- Gleason in 1984
- Born: Paul Xavier Gleason May 4, 1939 Jersey City, New Jersey, U.S.
- Died: May 27, 2006 (aged 67) Burbank, California, U.S.
- Resting place: Westwood Village Memorial Park Cemetery
- Education: Florida State University
- Occupation: Actor
- Years active: 1962–2006
- Spouses: ; Candy Moore ​ ​(m. 1971; div. 1978)​ ; Susan Kehl ​ ​(m. 1995)​
- Children: 2

= Paul Gleason =

American actor (1939–2006)

Paul Xavier Gleason (May 4, 1939 – May 27, 2006) was an American film and television actor. He was known for his roles on television series such as All My Children and films such as The Breakfast Club, Trading Places, and Die Hard.

==Early life==
Gleason was born on May 4, 1939, in Jersey City, New Jersey, the son of Eleanor (née Doyle), a registered nurse, and George L. Gleason, a restaurateur, professional boxer, iron worker, and roofing manufacturer. Gleason was raised in Miami Beach, Florida. At age 16, he ran away from home and hitchhiked across the east coast, sleeping on beaches and playing baseball. He attended North Miami High School and Florida State University, where he played football with Burt Reynolds. He signed a professional baseball contract with the Cleveland Indians, but played just briefly in two minor league seasons between 1959 and 1960.

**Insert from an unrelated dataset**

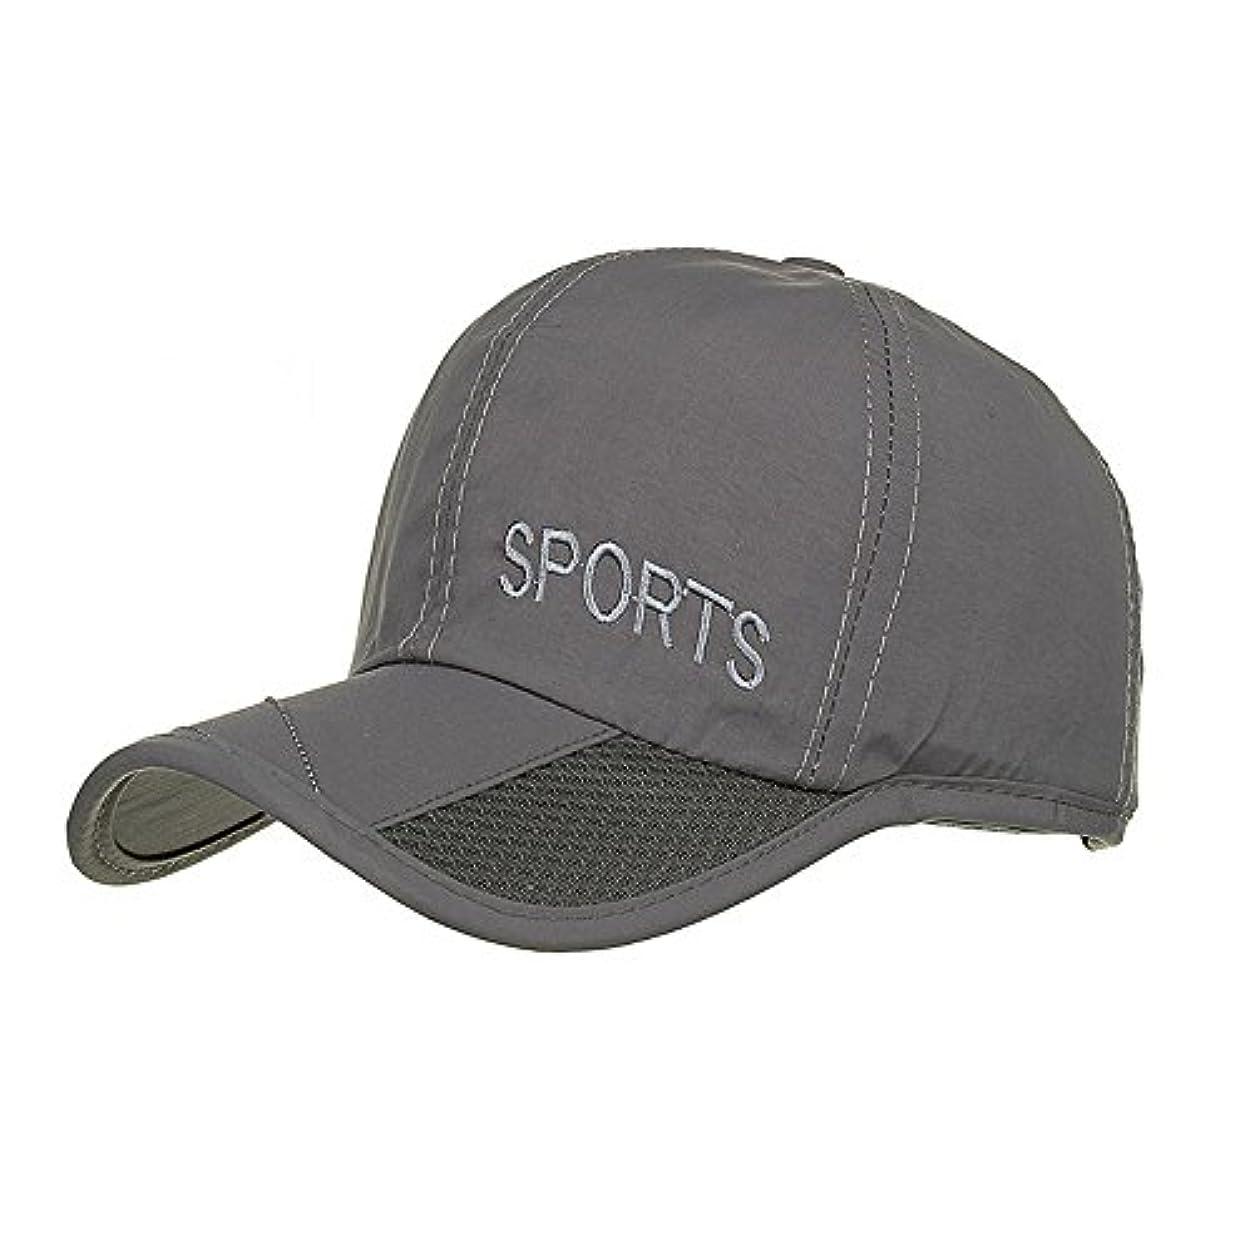 母音補体軽Racazing Cap 男女兼用 野球帽 夏 登山 通気性のある メッシュ 帽子 ベルクロ 可調整可能 刺繍 棒球帽 UV 帽子 軽量 屋外 Unisex Hat (グレー)

In 1960, a West Coast trip led to an introduction to sitcom icon Ozzie Nelson, which, in turn, led to an appearance on Ozzie and Harriet (per Nelson's habit of hiring athletes for guest spots on the show). Suddenly, acting was an option, and an increasingly attractive one, given Gleason's failing baseball career. He moved to New York City, eventually joining The Actors Studio, where he would study for four years before moving to Los Angeles.

==Career==
Gleason starred in many movies, often as an antagonistic figure, and became well-known initially as Dr. David Thornton on All My Children, playing the role from 1976 to 1978. He then portrayed Capt. Ernest "Tex" Lee in the 1979 television miniseries Ike. He guest-starred in "The Trouble with Harry" and "Fire", Columbo and two episodes of The A-Team. Additionally, Gleason played the villainous Clarence Beeks, the Duke brothers' security consultant and fixer, in the 1983 comedy Trading Places starring Dan Aykroyd and Eddie Murphy.

Gleason played the disciplinarian Vice Principal Richard Vernon, in the 1985 coming-of-age film The Breakfast Club opposite many members of the Brat Pack. The film has been noted as one of the most prominent and well-remembered of its genre, and many reviews praised Gleason's performance as the vice principal who was frequently at odds with members of the titular group, particularly Judd Nelson's John Bender. In an on-set interview, Gleason spoke at length about the skill of the teenage actors he worked with, adding that he believed he "could never have been as good at [their] age." He also described the finale of the film, during which Vernon reads an essay from the Club dismantling his assertions about them, as a satori for the character, stating that Vernon is "supposed to realize something about the fact that he has let these kids down, and that he really hasn't understood them."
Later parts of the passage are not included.